Situation following the assassination of Benazir Bhutto
Delivered in Plenary - 16th January 2008
The Economist stated recently that Pakistan is the world’s most dangerous nuclear arms state. Regrettably, in my view, President Musharraf’s commitment to fully eradicating Islamist terror has always been lukewarm at best, and his control over the ISI or intelligence services, who allegedly are in bed with Islamists, is tenuous as well. Add to that the combustible issues of Kashmir, Baluchi separatism, Al Qa’ida and Taliban activity in the North-West Frontier territories and tribal areas causing mischief for NATO in Afghanistan, and you have a country on the point of implosion.
Just as Benazir Bhutto’s return to Pakistan offered the country a glimmer of hope, so her despicable assassination, whose culprits must be identified and punished, has taken the country back to the brink of catastrophe. A return to democracy is as difficult as ever. The assumption in the EU and the USA is that Musharraf, for all his autocratic tendencies, represents the safer bet in the war on terrorism.
Pakistan’s experience of democracy in the past 60 years has been troubled. Perhaps it is time now to abandon the hope that Western-style multiparty democracy can embed itself successfully in Pakistan, which has always been dominated by a tiny élite. It is more akin to a feudal hereditary monarchy, a fact underlined by the instant elevation of Benazir Bhutto’s 19-year-old son to the leadership of the Pakistani People’s Party, who will no doubt do very well at the imminent 18 February elections.

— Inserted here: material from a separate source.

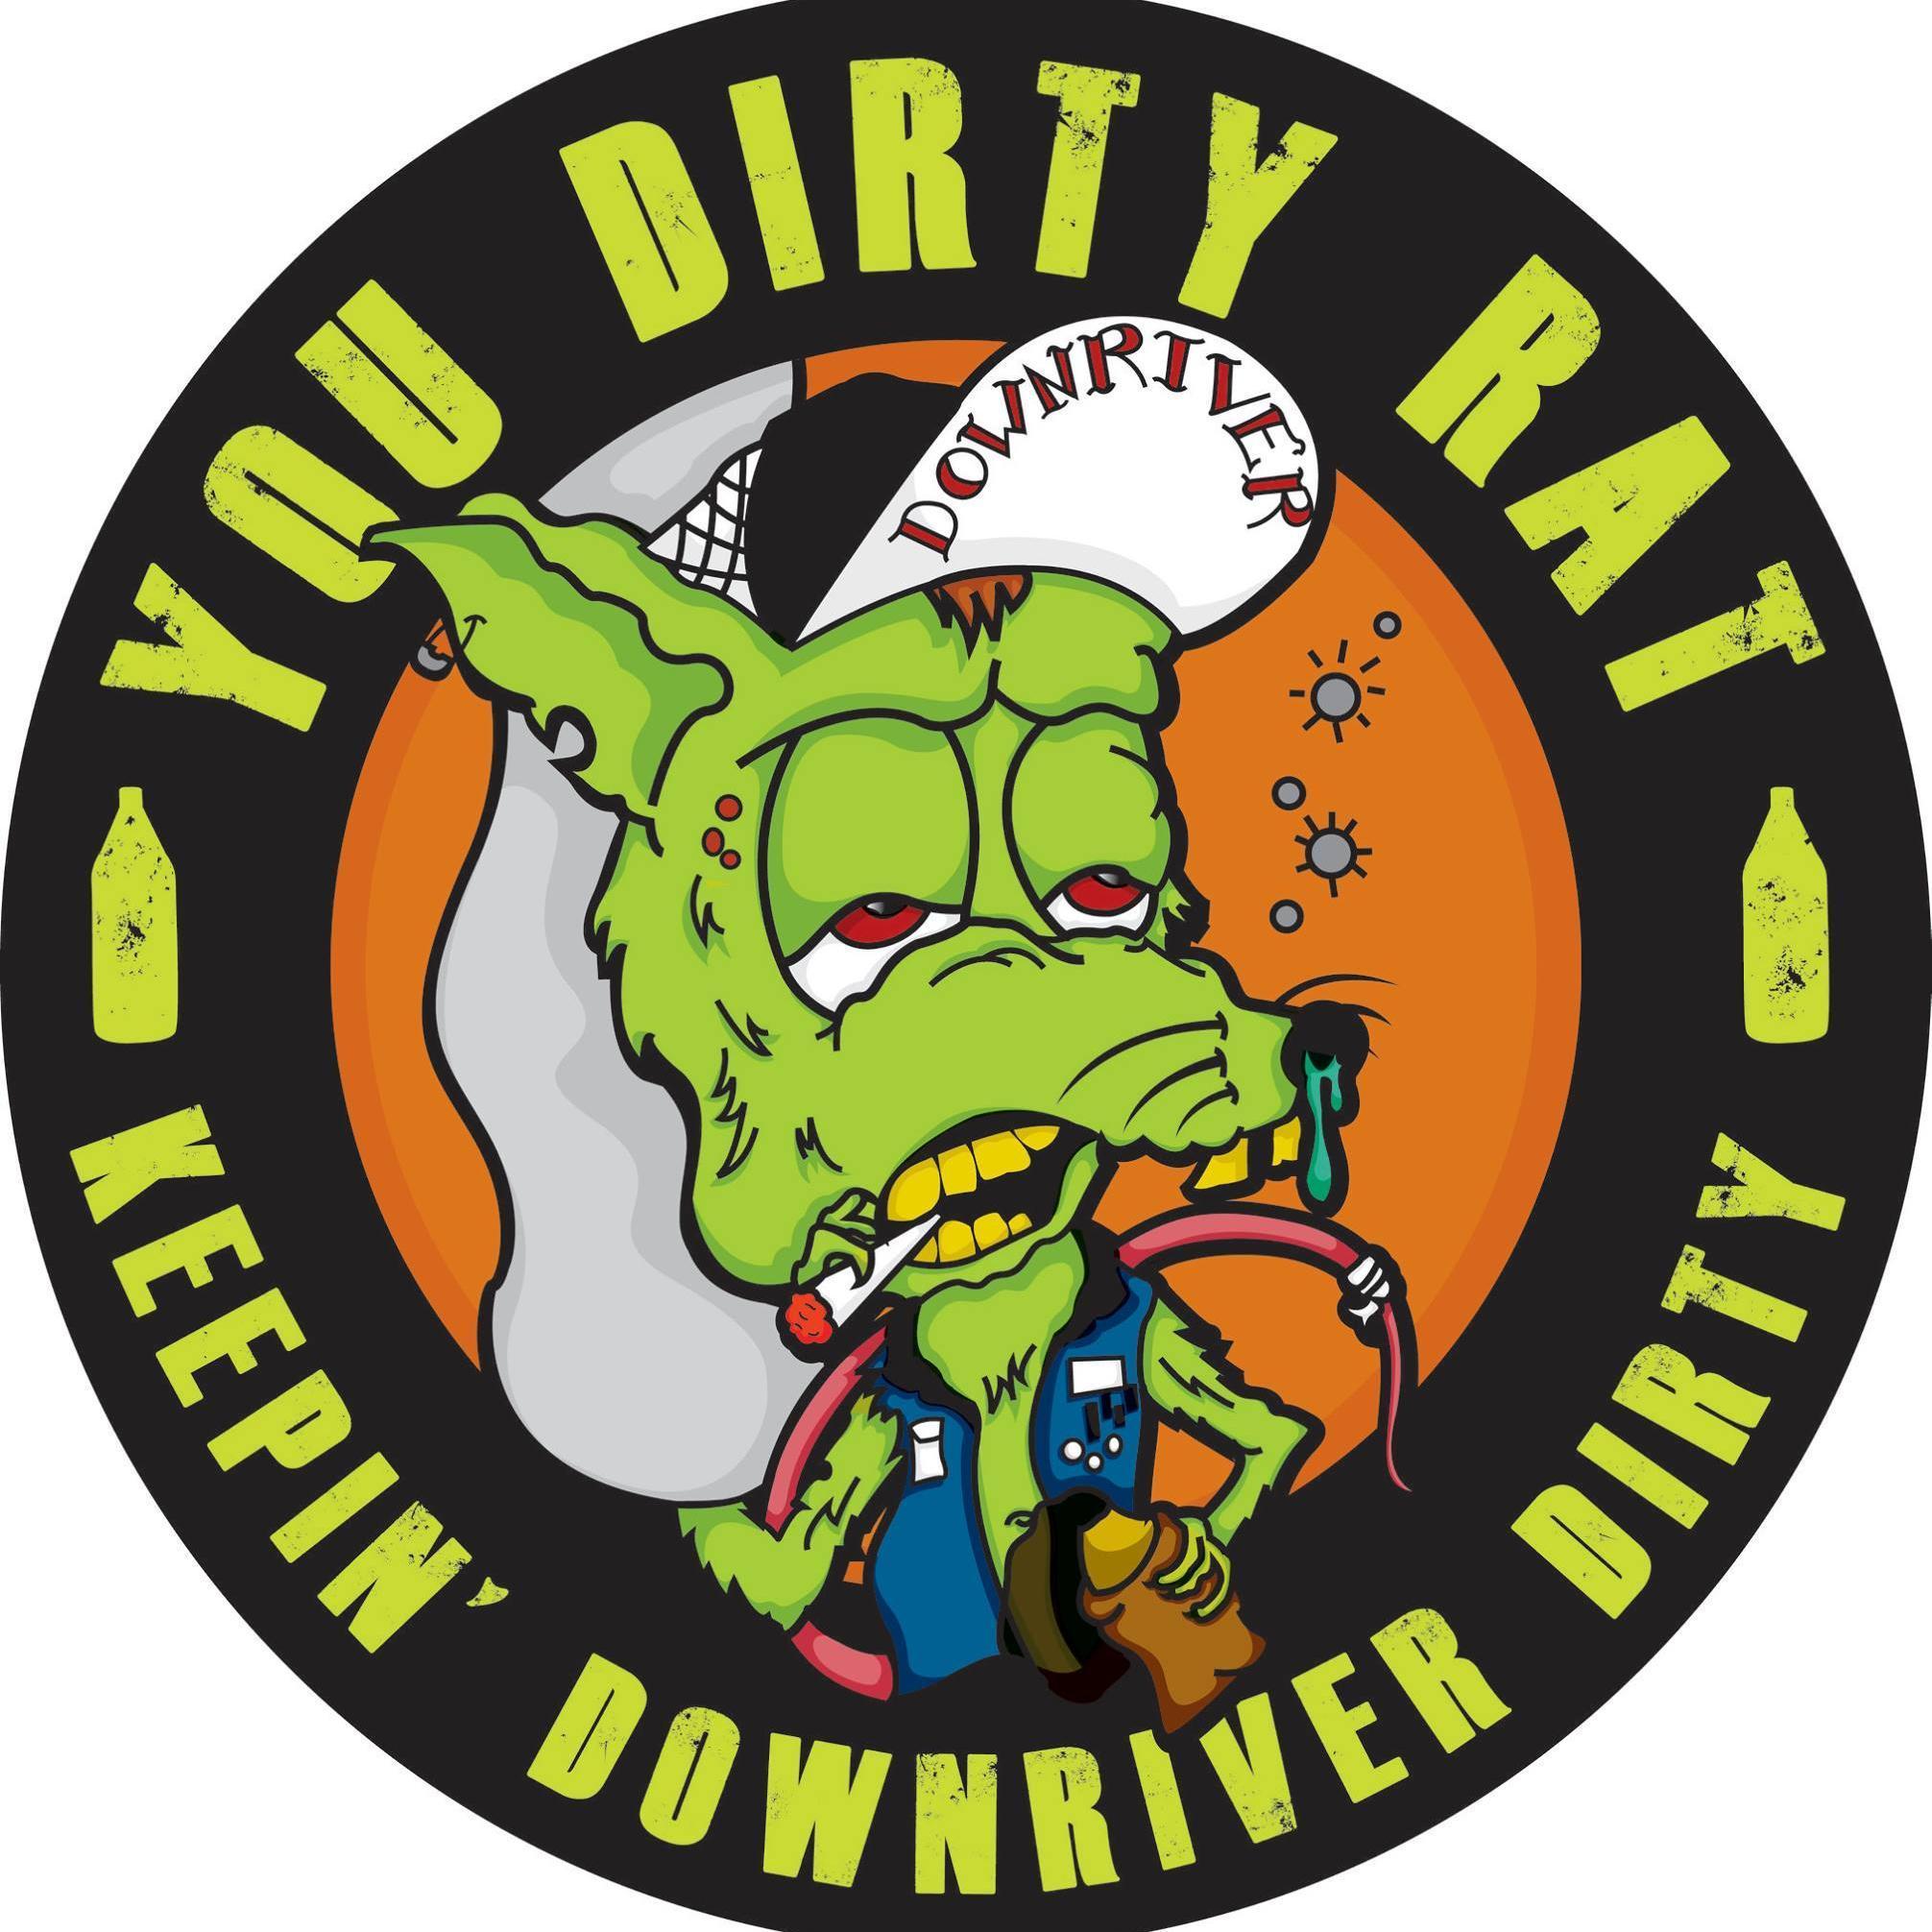 You Dirty Rat (@YouDirtyRatDET).

The apparent choice for the West between Pakistan and India is also a false dichotomy. It is a hangover from the Cold War. India, as a strategic ally, is the best hope for progress, prosperity, peace and stability in South Asia. India’s values are the EU’s values – secular democracy, human rights and the rule of law. Let us start supporting those who share our values before we try to persuade those who do not.